The Innocents was Simon's photography project from 2003. She photographed people who had been wrongly convicted and imprisoned, and then released when their innocence was proven, usually after many years of incarceration. These pictures needed text to explain their origin, and Simon is acutely aware of what photos cannot communicate, as well as what they can. She incorporates the text as part of the art of her photographs in American Index. The text is a part of the whole, inseparable from the image.

Later that afternoon I went to a conversation between Mark Pennings and Rex Butler at the Queensland Art Gallery on John Singer Sargent. Rex Butler is an established art historian of some note, and a modest and down-to-earth one, who waved his hand to stop the person introducing him from listing his achievements.
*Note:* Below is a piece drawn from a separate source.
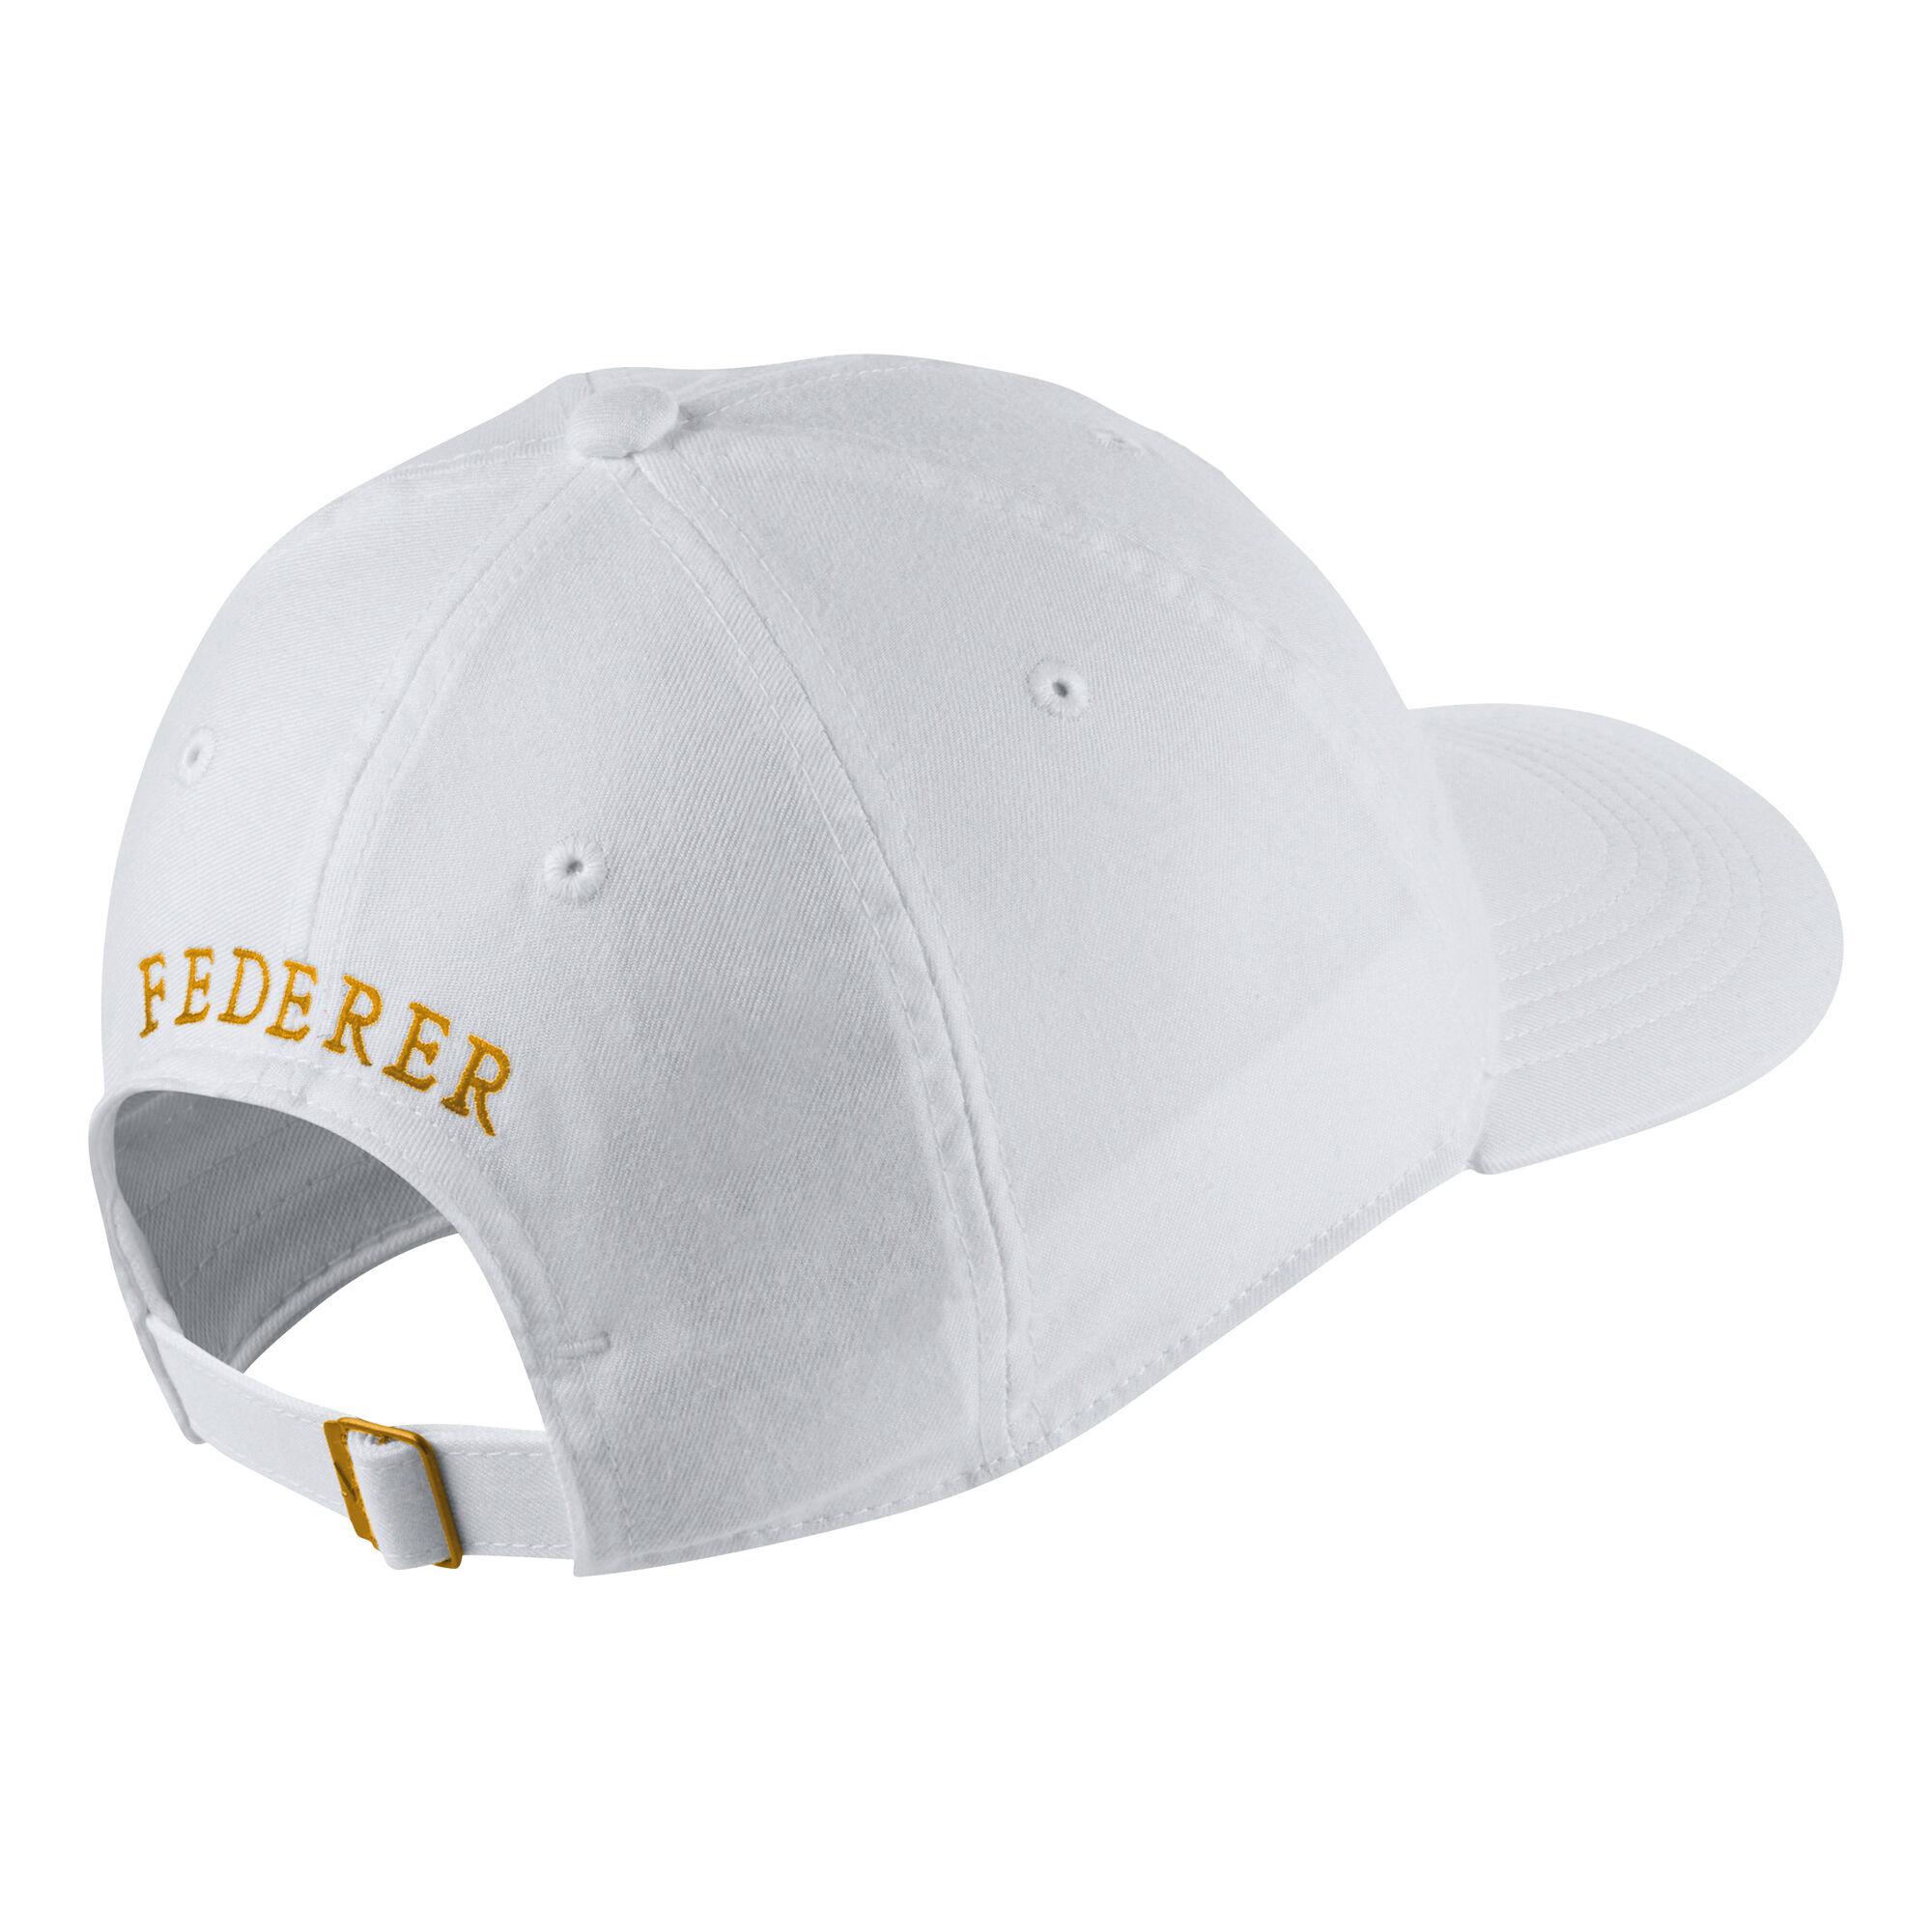 Refinería Ingenieros regular  Nike Roger Federer 20th Celebration Gorra - Blanco, Dorado compra online |  Tennis-Point

He spoke with great passion about the paintings of Sargent, drawing us into the paintings in an easy and skilful way, so we saw what he saw, and were moved by what moved him.

I learnt a lot about how to look at a painting. Too often I find myself paying too little attention to the canvas in front of me, not really knowing what I should be paying attention to, whether there is something I am missing that reveals the key to its meaning, its secrets, if they exist. Butler took us on a journey over the face of the beautiful Lady Agnew, showing us its two moods, and how Sargent had created that effect. He revealed to us the power of technique in El Jaleo, although we all gasped when he first showed us the slide representation. Such drama! Such light and dark! But the figures of the musicians in the background, the way the skirt does not follow the dancer's legs at all, but fold and crease according to some other rules.

Who would think such exhilaration could come from sitting in a lecture?